At Recorded Future we have created a monitoring pipeline with some very useful components. I will describe one of the most useful pipelines that we have implemented. I think one of the great ideas with Sensu is to use it as a router and not include a lot of functionality into the tool, instead Sensu is easy to integrate with other tools like Graphite. Graphite by itself is a really good tool and database for handling and storing metrics, one of the main advantages is much better performance for handling metrics compared with traditional databases.

Metric collection – Graphite – Sensu pipeline

We have built a pipeline where we sent metrics to Graphite we send those metrics from different sources like Sensu, applications and specific tools or scripts. In the end of the pipeline we have Sensu scripts that pull the data out from Graphite (in many case by using built-in Graphite functions to cure the data) and based on that data the Sensu client send an OK or an alert to the Sensu server. This means that we can monitor trends and we can monitor on averages, max, mean values for time series without the need to save the data in our monitoring system. In Graphite we can also view the graphs of the data and that means that we alert on the same data as we graph and we need to collect the data only once. It’s easy for everyone to understand what we are monitoring and discuss/find triggers level by easy graphing the data. When we find some problems and realize that we need to monitor that, we very often already have the data in Graphite and then it’s easy to create alert on that data as well.

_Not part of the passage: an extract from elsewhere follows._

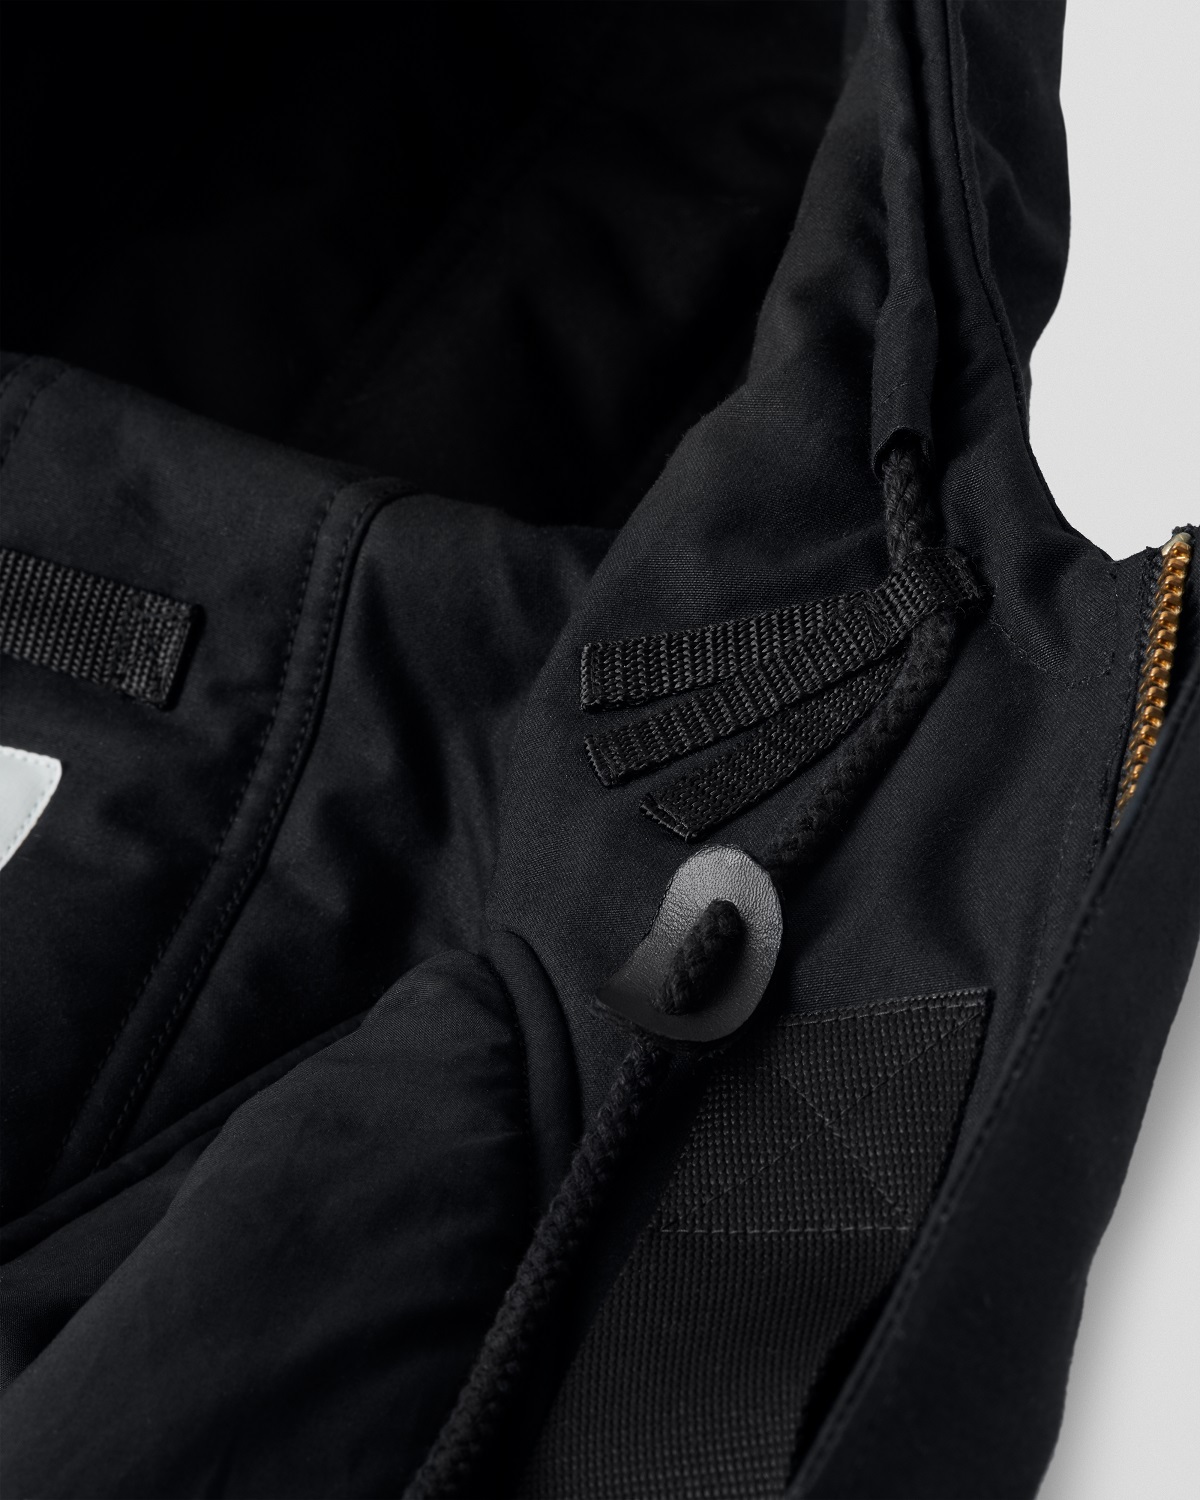 APPLIED ART FORMS Hooded Deck Jacket in Black XXL

The benefits of this pipeline

  • It has been much easier to get the developers to add the code the send data to graphite as it has a simle to use api .They can also use the metrics to see graphs by themselves.
  • The history is stored and you can use that to evaluate triggers etc and see the previous behavior of your system
  • You can easily graph the metrics
  • You can do a lot of calculations on the data, one of my favorites is the derivate of a metric to see if it a metric is increasing or declining for a period of time and then for example alert if it isn’t growing as the path it should.
  • You don’t store any data in your monitoring system and get much less load on the monitoring system and databases
  • You can use your data for graphs and dashboards
  • If you need to monitoring a metric, you very often find that you already have the data in Graphite

Collecting data

How is this pipeline set-up? The first thing is to collect the data and sent it to graphite we are doing this in 3 different ways

From Sensu scripts

Create a Sensu script of type Graphite and use the function output for your Graphite metric. The script is run from the local Sensu client that takes the output and send it via RabbitMQ to the Sensu server that send it via RabbitMQ to Graphite. (You need to config the Graphite server to accept metrics via RabbitMQ)

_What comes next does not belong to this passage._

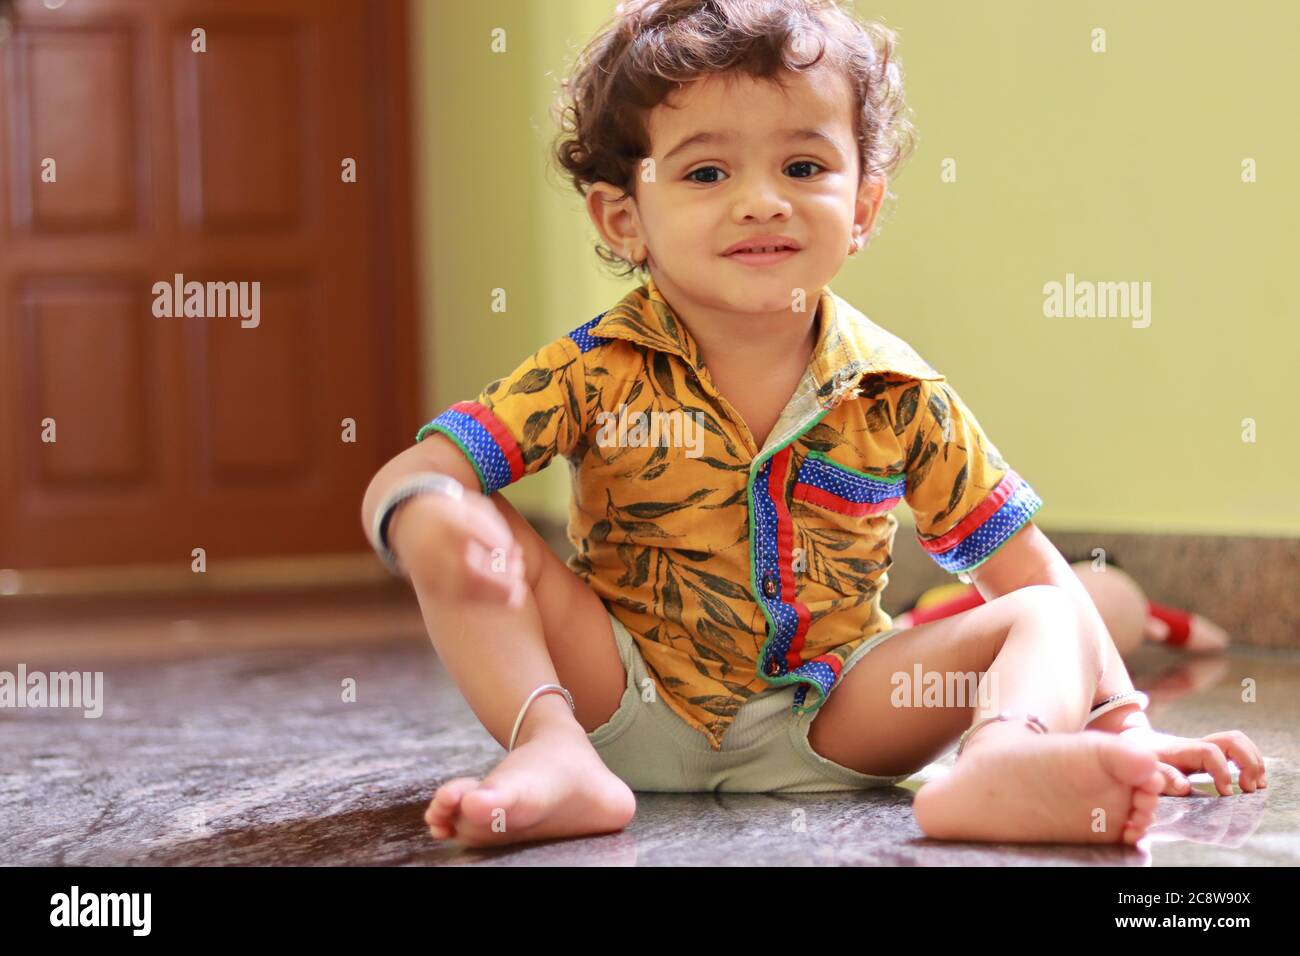 Drinnen Porträt eines kleinen Kindes (Kind) zu Hause Stockfoto

class RFAPIMetrics < Sensu::Plugin::Metric::CLI::Graphite
option :host,
 :short => "-h HOST",
 :long => "--host HOST",
 :description => "The API host to do the check against, including port",
 :required => true
def run
 api_server = RFAPI.new
 api_server.base_uri=config[:host]
 api_stat = api_server.api_stat
 api_stat.each do |line|
 stat_name, stat_value = line.split("=")
   output "api.#{stat_name}", stat_value
 end
 ok
end

From applications

We are sending a lot of metrics directly from the applications and processes. That could be usage, number of documents handled, executions times and many other things. We are using libs like metrics in Java http://metrics.codahale.com/ to send metrics data to Graphite without any obscure path via some monitoring application, that has a clumsy API that the developers hates. Instead it makes it very easy for developers to add metrics, they can then be used both during development, bug fixing and in production. It’ s a very simple and easy to understand the format that Graphite use so it’s easy to use. By letting the application send the data directly there is no need for any extra data gathering processes and the data could be calculated and formatted directly in the application code to fulfil the needs.

From other tools/scripts

We are using some tools that gather data and send it directly to Graphite and we have also some scripts that does scheduled runs and collect data from logs, processes etc and then send the data directly to Graphite.

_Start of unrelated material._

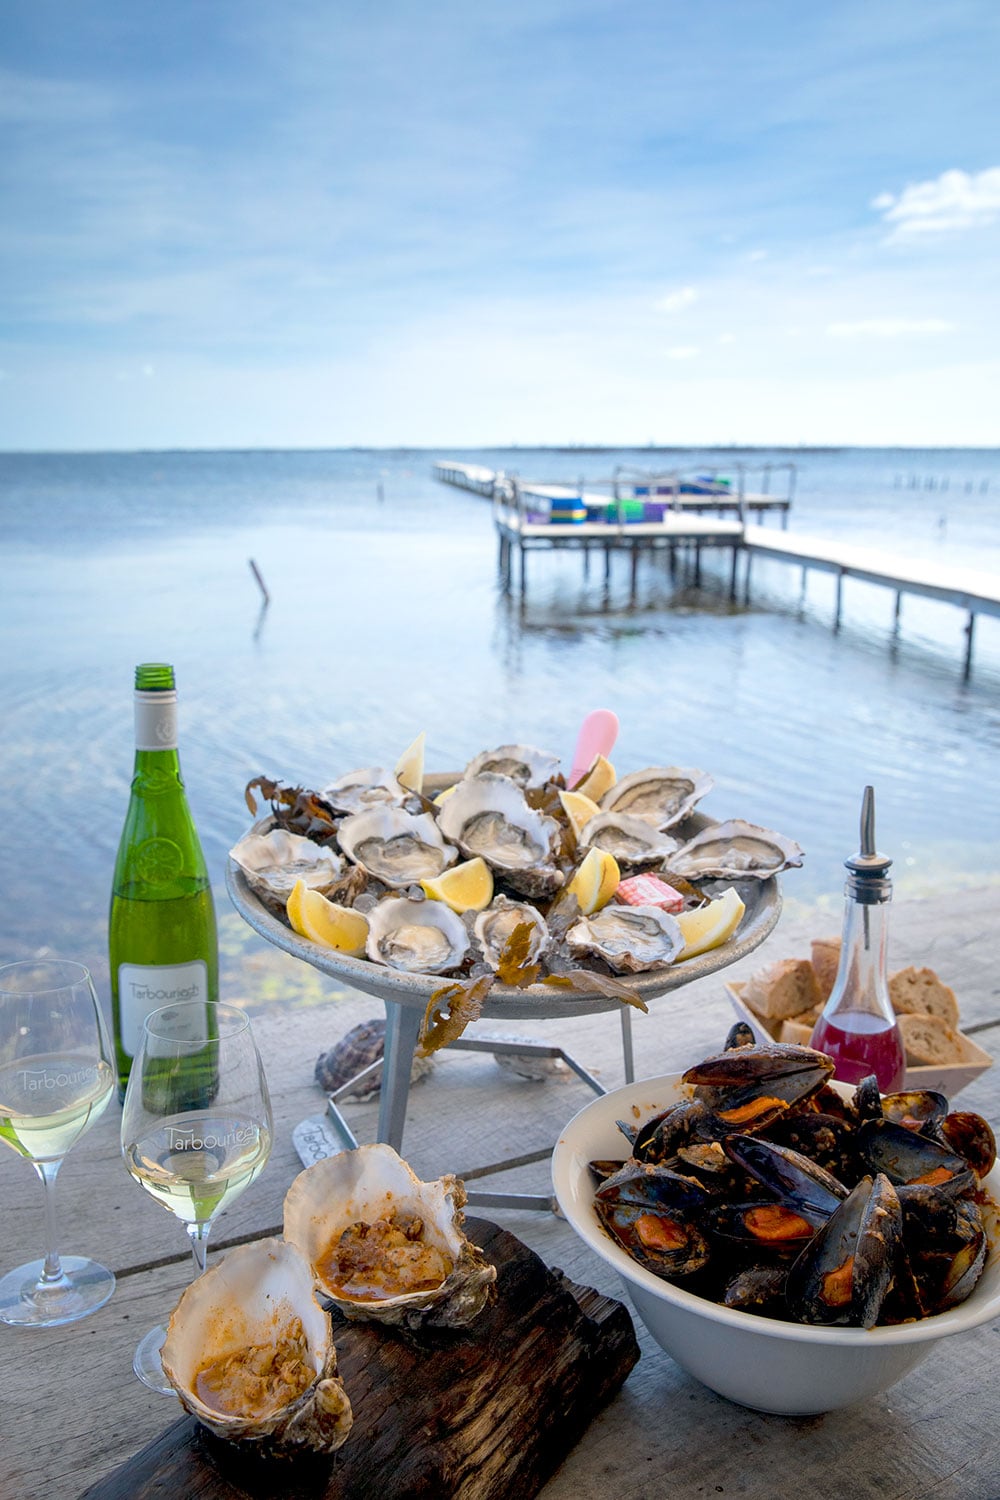 牡蠣各種、オーブンでさっと焼いた温製牡蠣の他に、ムール貝の伝統料理、ブラスカード。海の幸を、青い海を眼前にいただく至福の時。

Using the Graphite data in Sensu

We use graphite data in different ways in Sensu, the Sensu client script access the data from Graphite and then act on the data and respond with an OK or create an alert.

Last value

Just grab the last value from Graphite for the metric and compare with the threshold and trigger an alert if outside the bound. This is an small example.

params = {
 :target => target,
 :from => "-#{@period.to_s}",
 :format => 'json'
 }
resp = Net::HTTP.post_form(graphite_url, params)
data = JSON.parse(resp.body)
if data.size > 0
  if data.first['datapoints']  > TRIGGER_VALUE
	warning “Metric #{target} has value #{data.first['datapoints']} that is larger than #{TRIGGER_VALUE}”
    end
else
  critical “No data found for graphite metric #{target}”
end
ok

Time series

We can use graphite to store our time series and calculate averages, max values, aggregating values from many monitoring instances etc. By using that we can then alert on those values, for example when the total cpu usage for some kind of process running on many machines is too high.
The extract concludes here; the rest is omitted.